I am trying to understand simultaneous multithreading (SMT) but I have just run into a problem.
Here is what I figured out so far
SMT requires a superscalar processor to work. Both technologies - superscalar and SMT - allow to execute multiple instructions at the same time. Whilst a "simple" superscalar processor requires all instruction executed / issued within one cycle to be part of a single thread, SMT allows to execute instructions of different threads at the same time. SMT is advantageous over superscalar processors because the instructions of a single thread do often have dependency meaning that we cannot execute them all at the same time. Instructions of different threads do not have these dependencies allowing us to execute a larger number of instructions at the same time.
I hope I got that right so far.
Here is the problem I have
SMT is said to be a mix of superscalar processors and interleaved / temporal multithreading. Personally, I cannot see how interleaved multithreading is involved in SMT.

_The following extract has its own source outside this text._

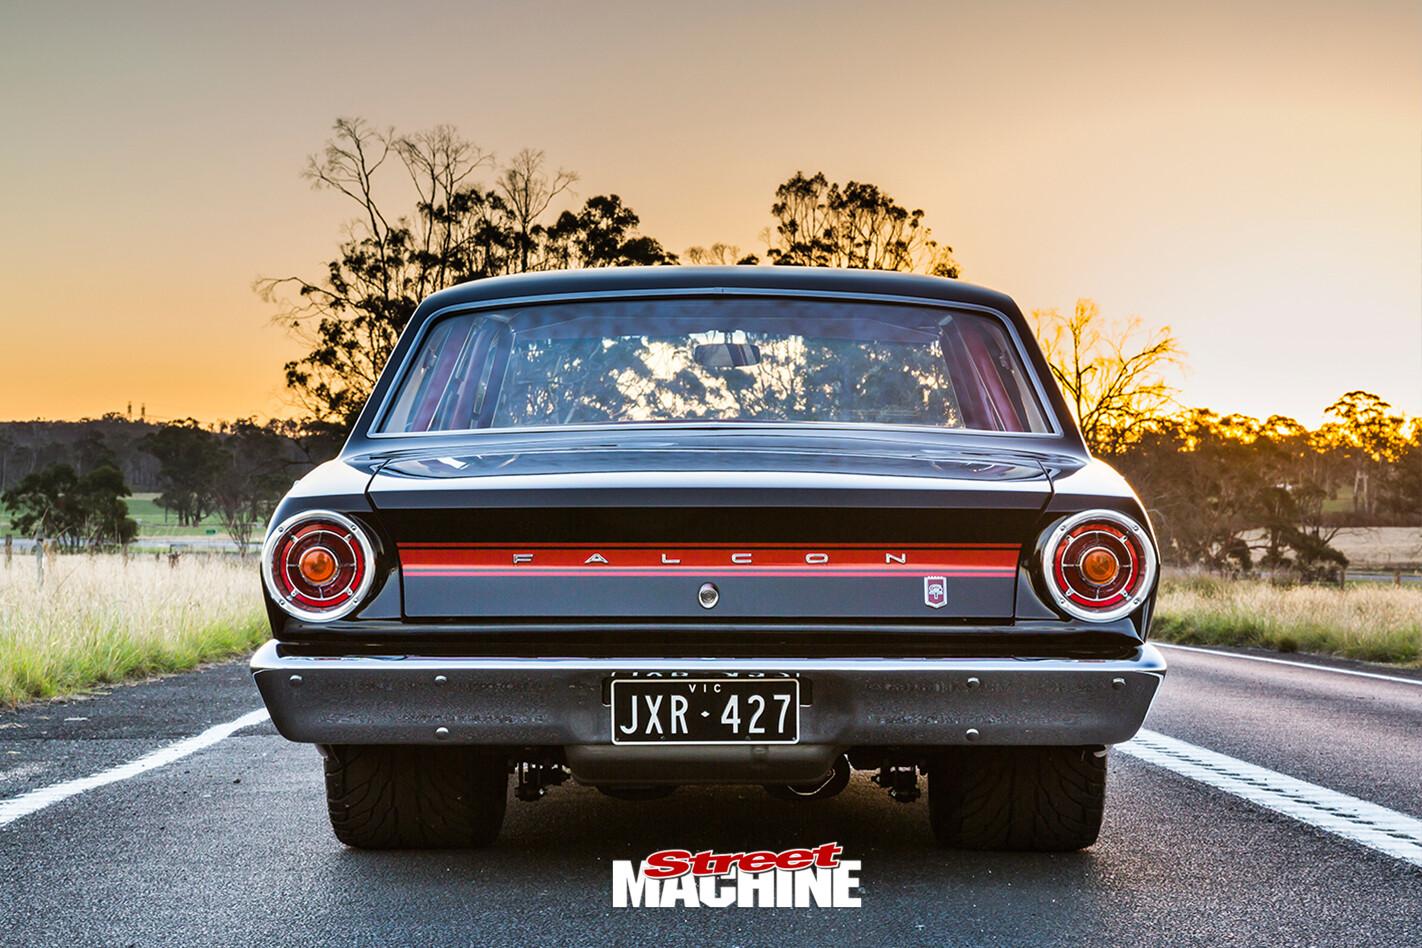 Ford -Falcon -XR-rear -view

Interleaved multithreading is better than no multithreading. That's because interleaved multithreading allows a context switch when high latency events (e.g. cache misses) occurs. Whilst the information is loaded into the cache, the processor can carry on with a different thread which increases the performance.
I wonder if SMT also makes use of interleaved multithreading. Or, to put it into a question, what happens when high latency events occur in a SMT architecture?

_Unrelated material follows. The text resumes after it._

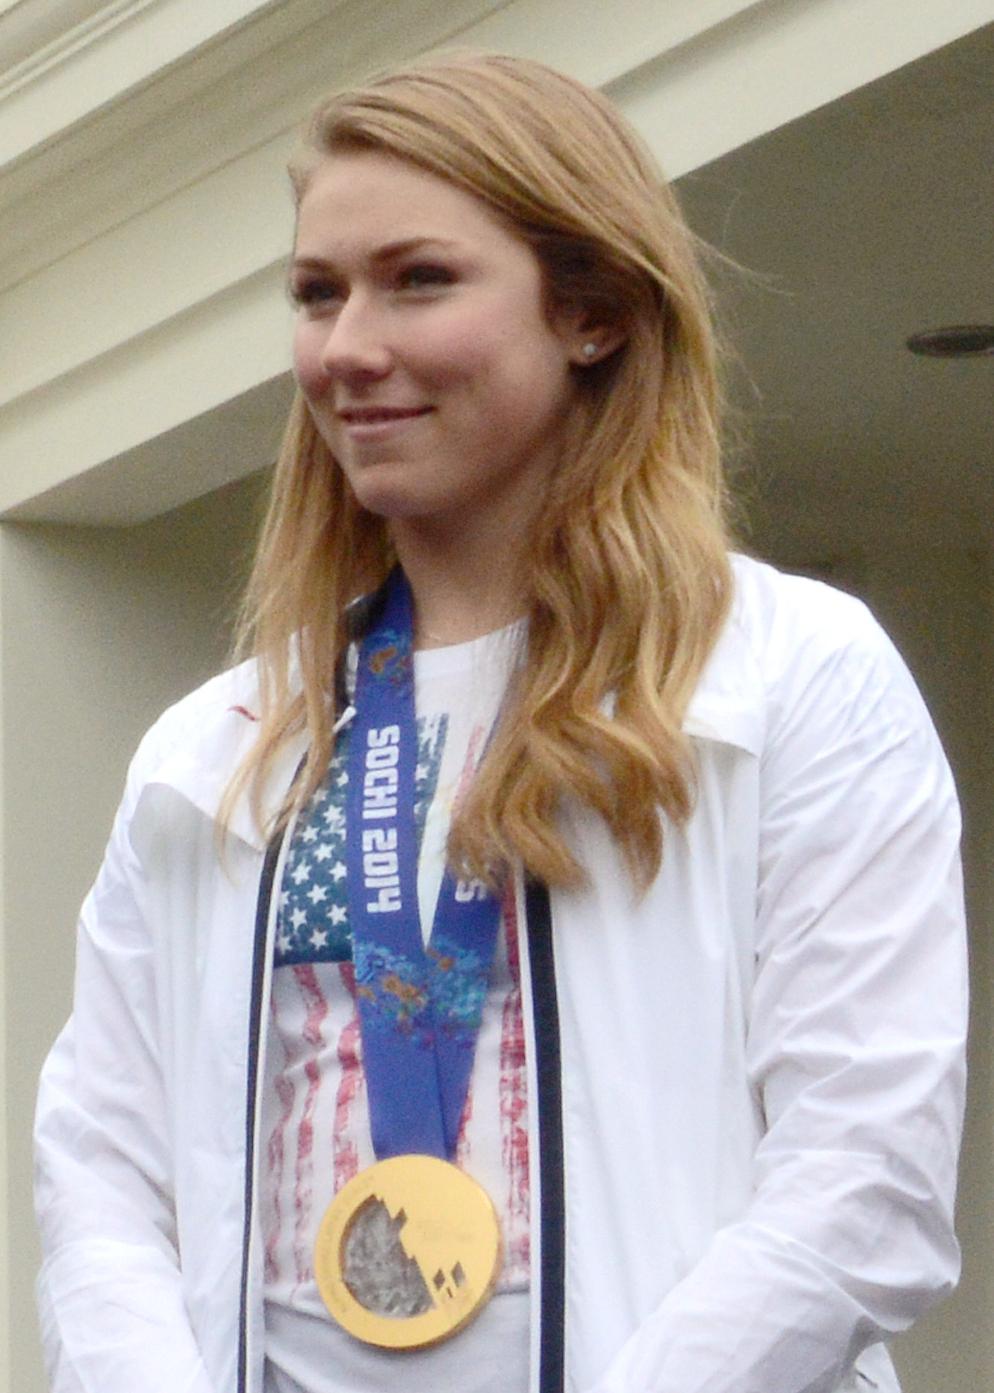 Michaela Shiffrin

Example of what I was thinking of
Let's assume we have got a 4-way-superscalar SMT processor and there are 5 different threads waiting to be executed. Let's also assume that the instructions of each thread are dependent of the previous instruction in a way that requires to only execute one instruction of each thread at a time.
If there aren't any high latency events, i figure the execution of the instruction could look somehow like that (each number and color correspond to a thread.):
We would just be sequentially executing the first 4 threads using the processor ideally. Thread 5 just needs to wait until another thread is finished.
What I really want to figure out is, what happens if a high latency event occurs. Let's assume that situation to be the same but this time thread one runs into a cache miss at the first instruction. What happens could look somehow like this:
Cache miss without multithreading
We would have to wait until the information from the memory is loaded. Unless we are additionally using interleaving multithreading such as block interleaving with switch-on-cache-miss. Then it could look like one of these:
Cache miss with multithreading
I found pictures only which might suggest that SMT uses some kind of fine grain multithreading but I couldn't find any information to really confirm this.
I would be really thankful if someone could help me to understand how this part of SMT works. This detail is driving me crazy!